Anselm's Blog: 2014

June 4, 2014

On Google Spanner

Some time ago when I heard about the new Spanner database from Google I read some of their official paper and watched the OSDI presentation. But somehow it did not answer my burning questions: What problems does it solve? Where is it better that other databases? After some time I then found another presentation. And this one did clear it up for me quite a bit, since it was a lot more about why things are done and less about how they are done.

(No)SQL

First there was SQL and it was good. Then data grew and things got complicated. Classical SQL is often what you want as programmer. It gives you ACID transactions, so strong reliability guarantees for your data. But these get difficult to hold when data grows beyond the limits of what one running database instance can handle. And when you scale out there also comes the slow network between instances. And with many instances comes the increased probability that parts of the system will fail and you want to have data replicated.
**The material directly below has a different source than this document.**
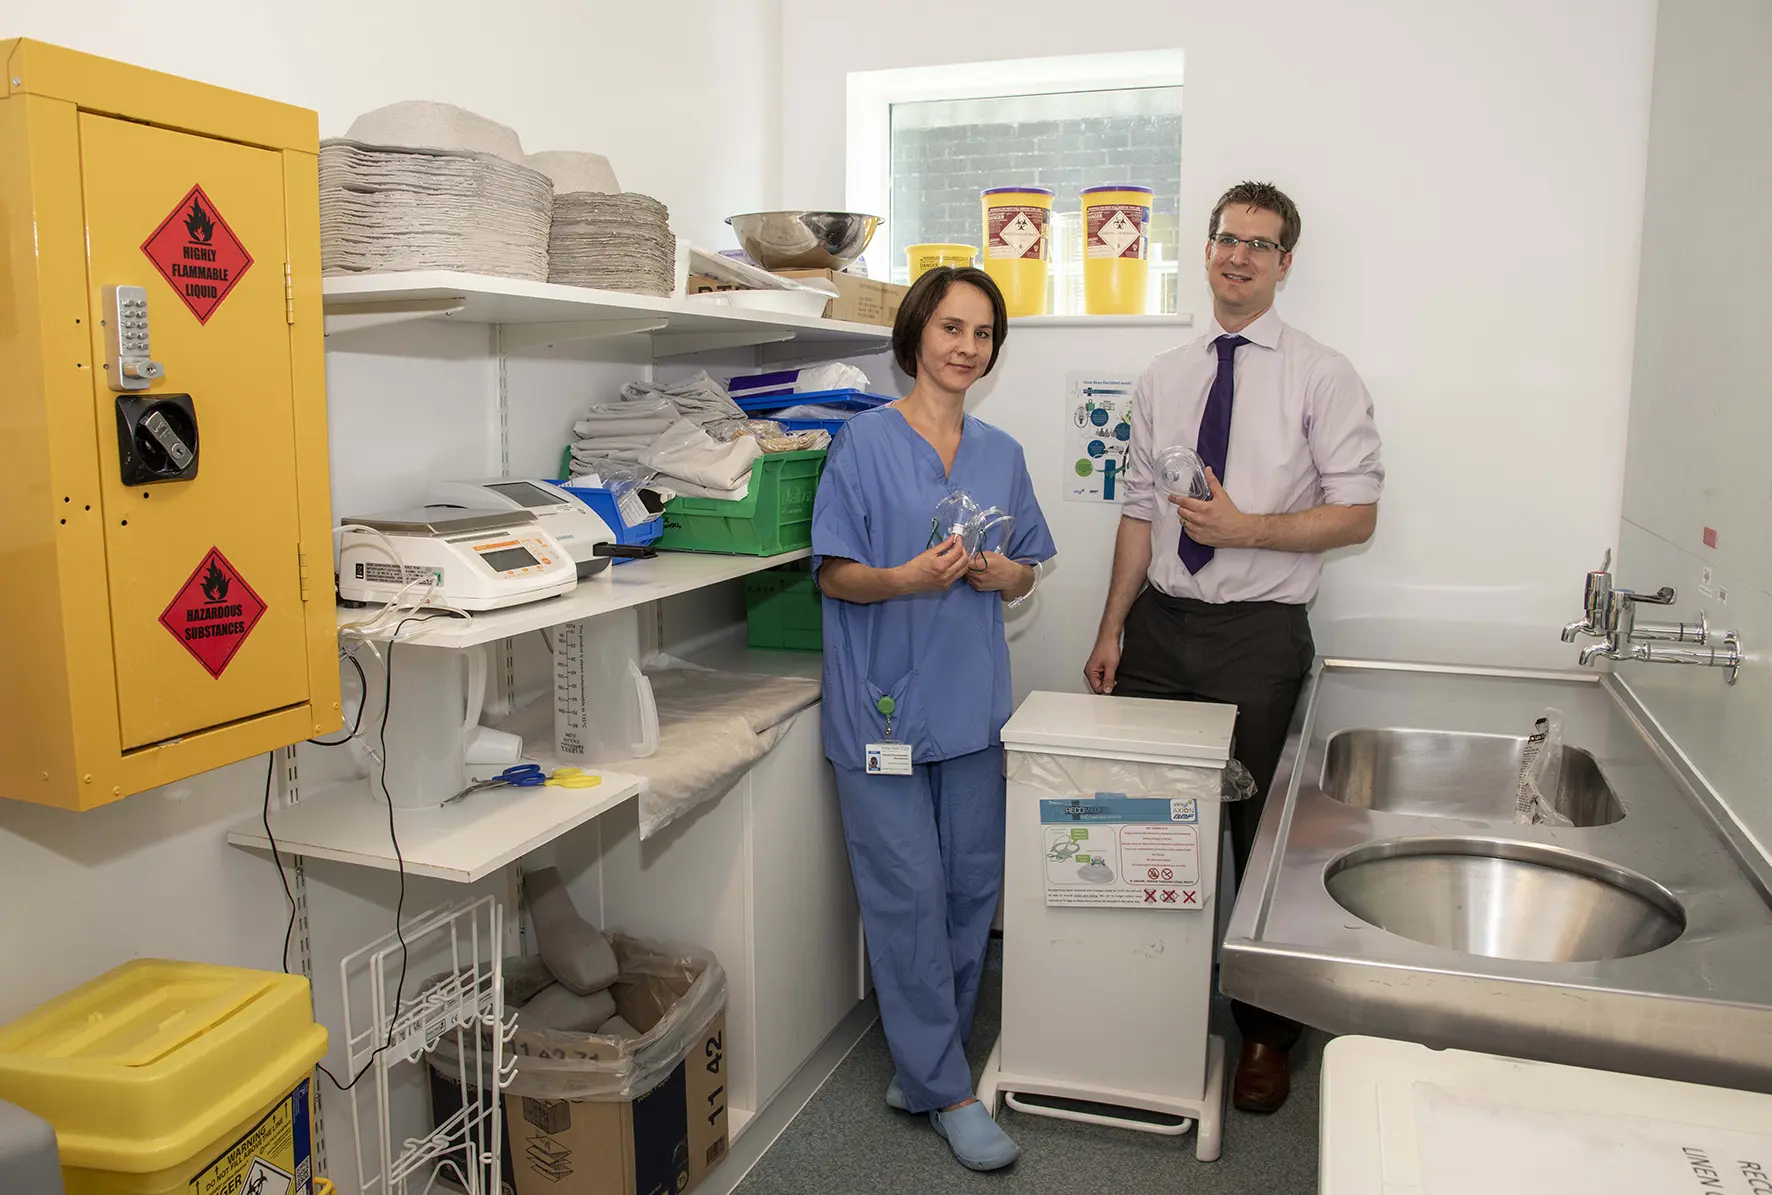 Around 500kgs of PVC has been collected at Wexham Park Hospital alone and, since August 2018, removing recyclable PVC from the incineration waste stream overall has saved the Trust around £200.

So you relax some of the strong SQL guarantees to make it easier to scale. By far not the only change in NoSQL, but a particular interesting one in my opinion. In classical SQL when someone wants to write to some data everything is locked, other writers and also readers on that same data. If these locks are on data distributed over multiple instances and the replication is synchronous, all gets very slow. In NoSQL one approach is to just forget about synchronous replication. Just write to one and within time it will eventually synchronize to others and be consistent over all replicas.

But somehow SQL transactions are still a beloved thing and it would be nice to somehow combine them with the great scalability of NoSQL. So how does Spanner do it?

Versioning

One key idea is that writers do not block readers. Because readers can still read an old version of the data. When the write is complete, replicated and consistent, it becomes the newest version of the data. (This reminds me of ZFS' copy-on-write and Clojure's immutable data structures.) It gives back a good part of performance. And blocking writes in a synchronously replicated system seem unavoidable.

So eventually you get a multi-versioned database. All data has a timestamp associated with it. How much does reading an old version of the data in parallel to a new one being written relax classical SQL semantics? I don't know. Not really? The next tricky thing is how to guarantee external consistency with distributed versioned data? So if I make transaction T1 on one server and the related transaction T2 on another one, a snapshot of the data at any time should never contain only T2. Because from an external view T1 was first and T2 depends on it, so whenever T2 is in the snapshot T1 must also be there. This is not so easy to ensure. It might be easy to guarantee that T1 is written before T2 but how do you know which one was first when reading them later on?

Distributed Snapshots

There are two easy approaches to guarantee consistent distributed snapshots. Either explicitly order the transactions or use timestamps. The former would mean to somehow connect distributed transactions, possibly over multiple servers and clients. Have something like a counter that you pass on. This gets complicated and is error-prone. Timestamps are easy to implement, each server has a clock. But not all servers do have the same time, clocks are always off by some amount.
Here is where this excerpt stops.